DFM-listed delivery services portal is also getting in more sales from non-GCC markets
Dubai: The food and retail delivery company Talabat Holding now expects higher growth for full-year 2025 after netting a profit of $121 million in the second quarter.
The company, listed on DFM, also shows net profits of $362.5 million since inception on September 3, 2024 to end June this year.
In its revised growth forecasts, talabat expects revenues to be higher by 29%-32% on a constant currency basis against the previous estimate of 18%-20% growth for 2025.
On DFM, the talabat share price is up 2.36% in the last 5 days to Dh1.3. But year-to-date, the stock is trailing by 7.14%. (The IPO price was Dh1.6)
It expects a net income margin of 5%, in line with earlier projections, and rated as solid by analysts in a highly competitive delivery services business in the UAE and Gulf markets.

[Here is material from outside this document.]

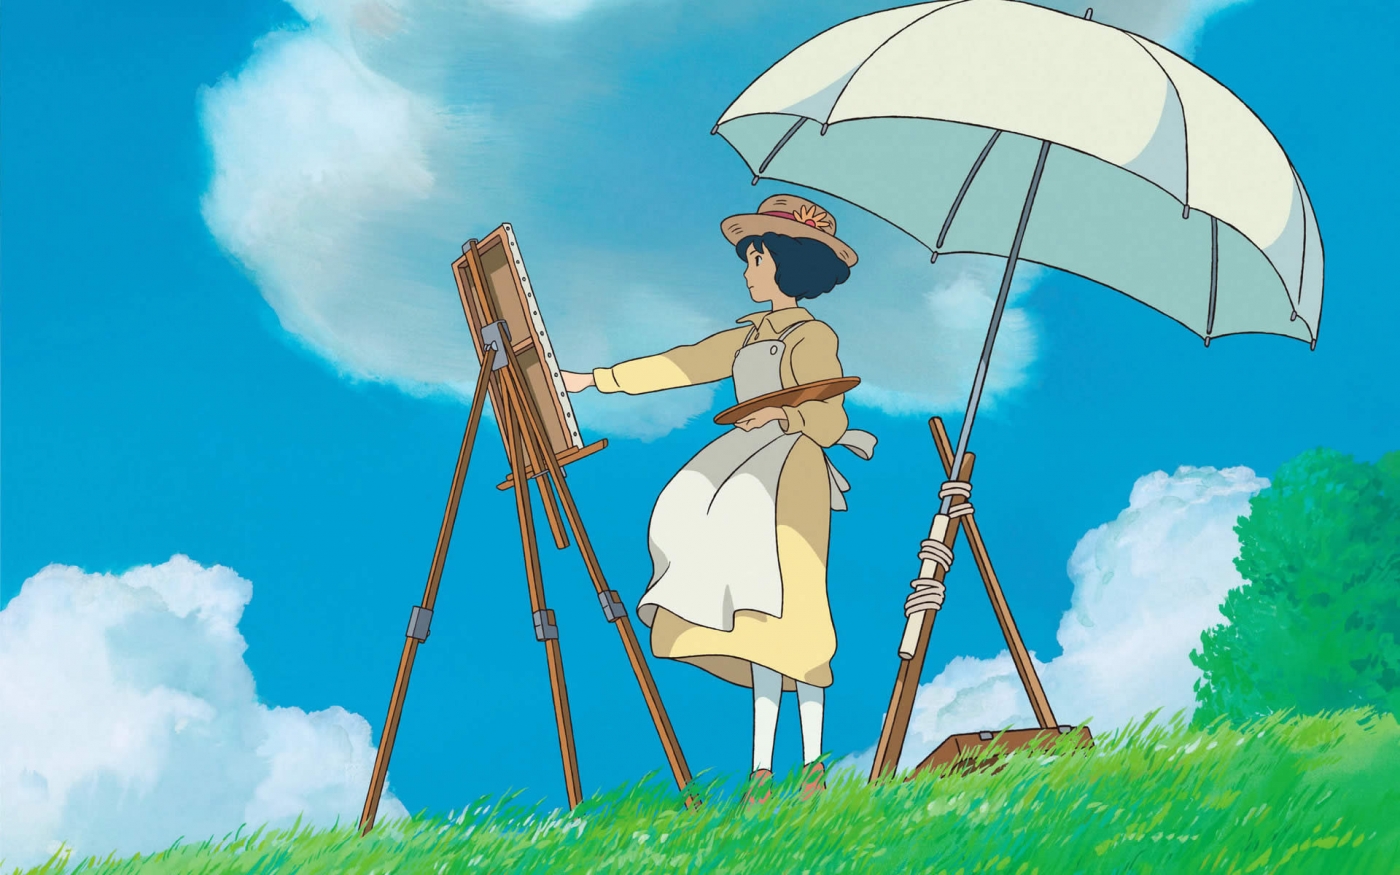 宫崎骏电影里漂亮的场景，原来就是他画的！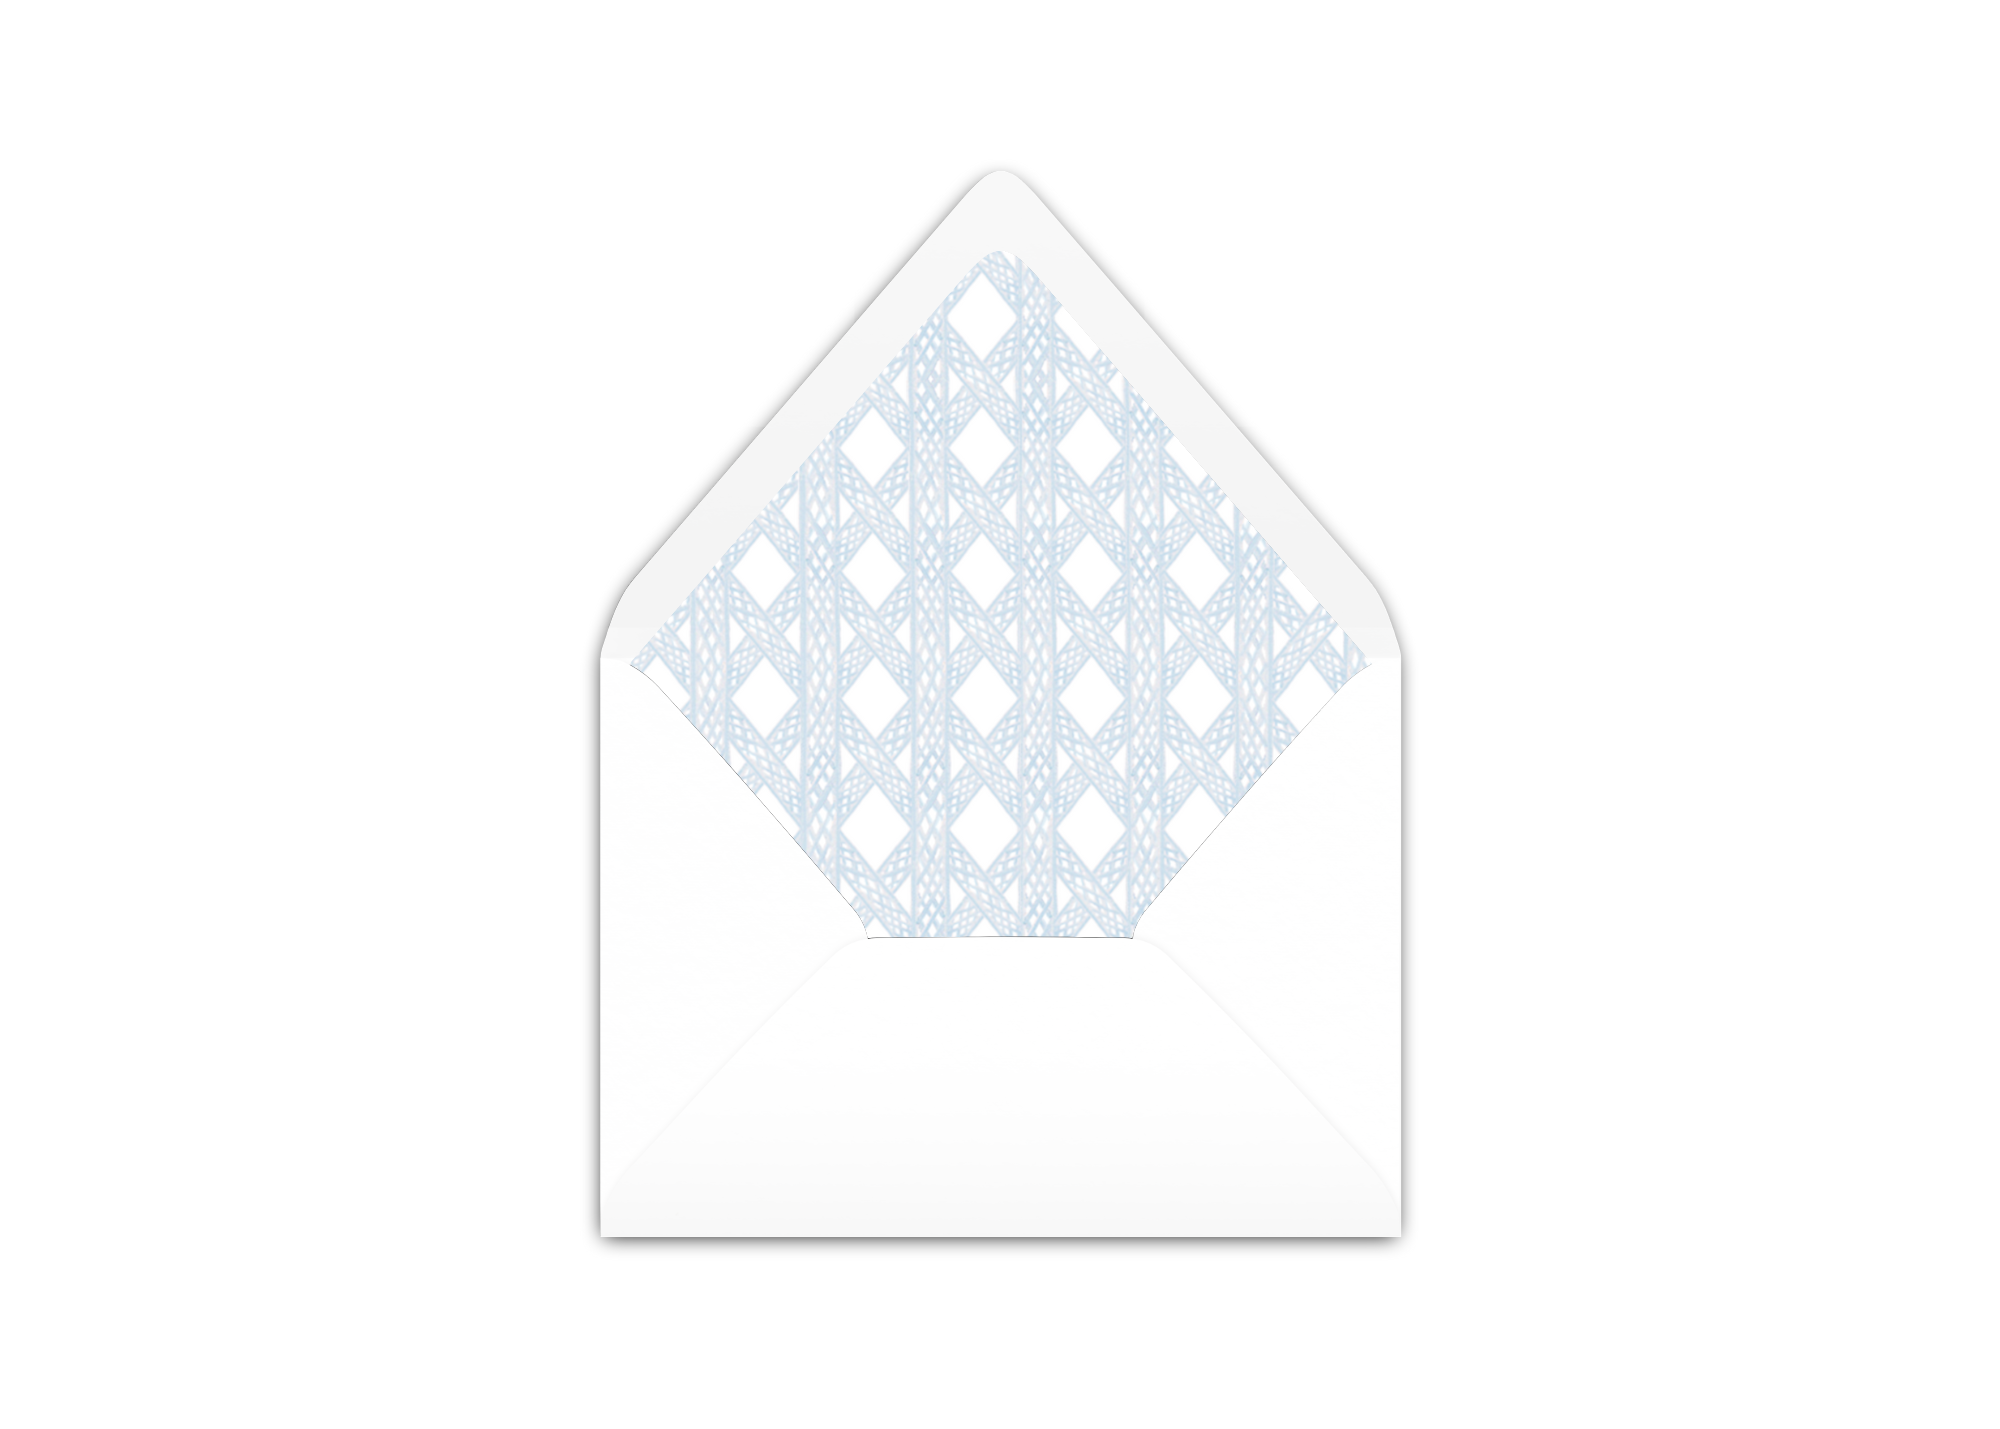 Envelope Liner

The higher revenue expectations are based on its ‘gross merchandise value’ (GMV and based on order flows) shooting up by 27%-29% rather than the earlier estimates for 17%-18% growth.
tabalat now reckons there will be ‘strong’ double digit growth in the core GCC segment and food vertical, and ‘even faster growth in non-GCC markets and the G&R (grocery and retail) vertical, albeit from a lower base’.

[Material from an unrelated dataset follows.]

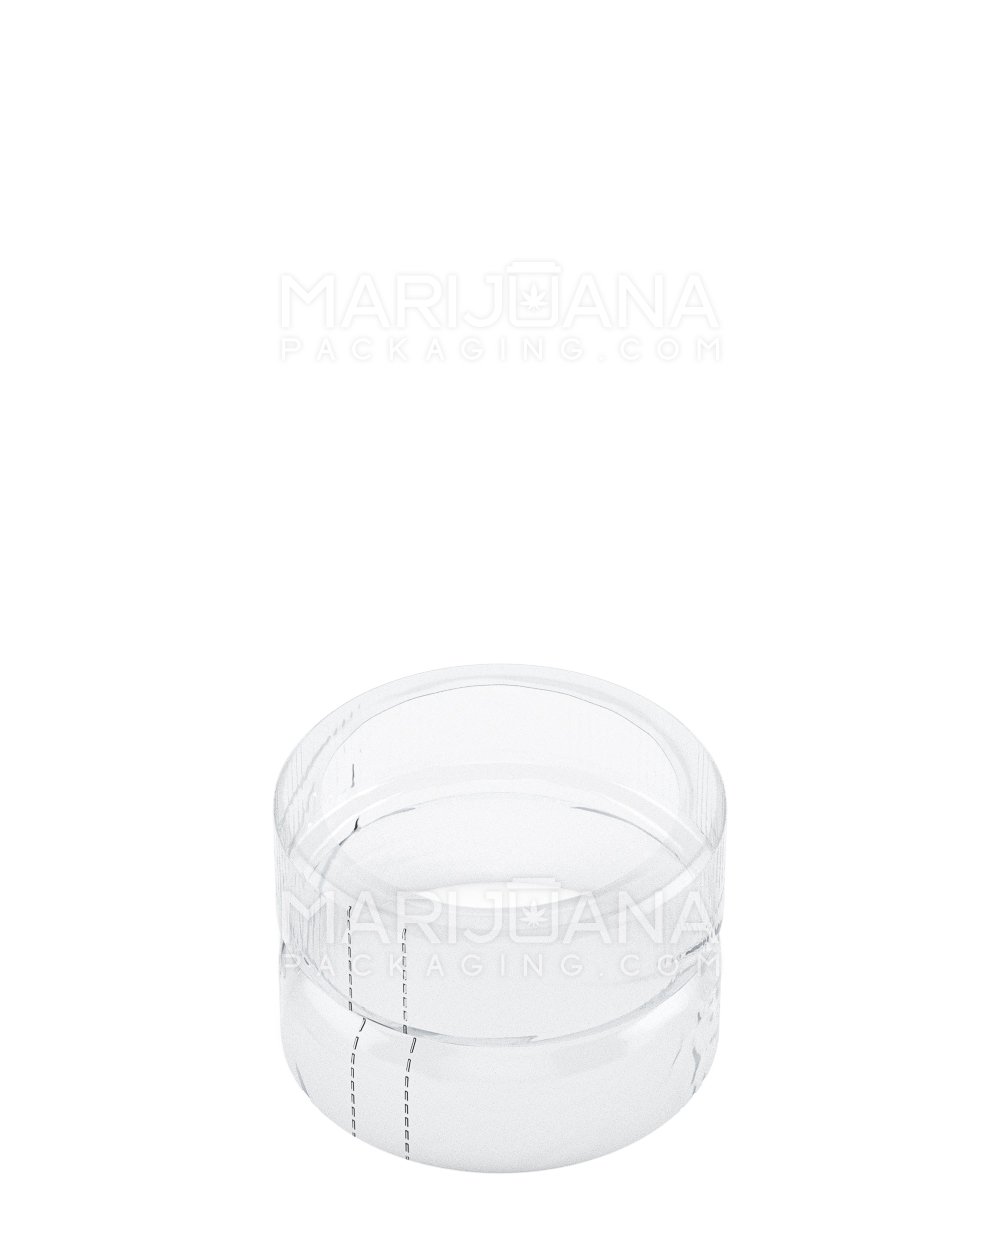 Tamper Evident Glass Jar Shrink Bands | 1oz - Clear Plastic | Sample - 1

According to Tomaso Rodriguez, CEOfficer of talabat, “Expanding our Groceries and Retail vertical and fostering deeper customer loyalty is clearly yielding results.
“We are particularly pleased with the strong uptake of ‘talabat pro’, our premium subscription loyalty programme, across all markets, alongside strong growth in demand within our non-GCC markets.”
As always, the competitive pressures in food and grocery delivery business in markets such as the UAE and Saudi Arabia are immense. Players like noon have become quite visible in the space.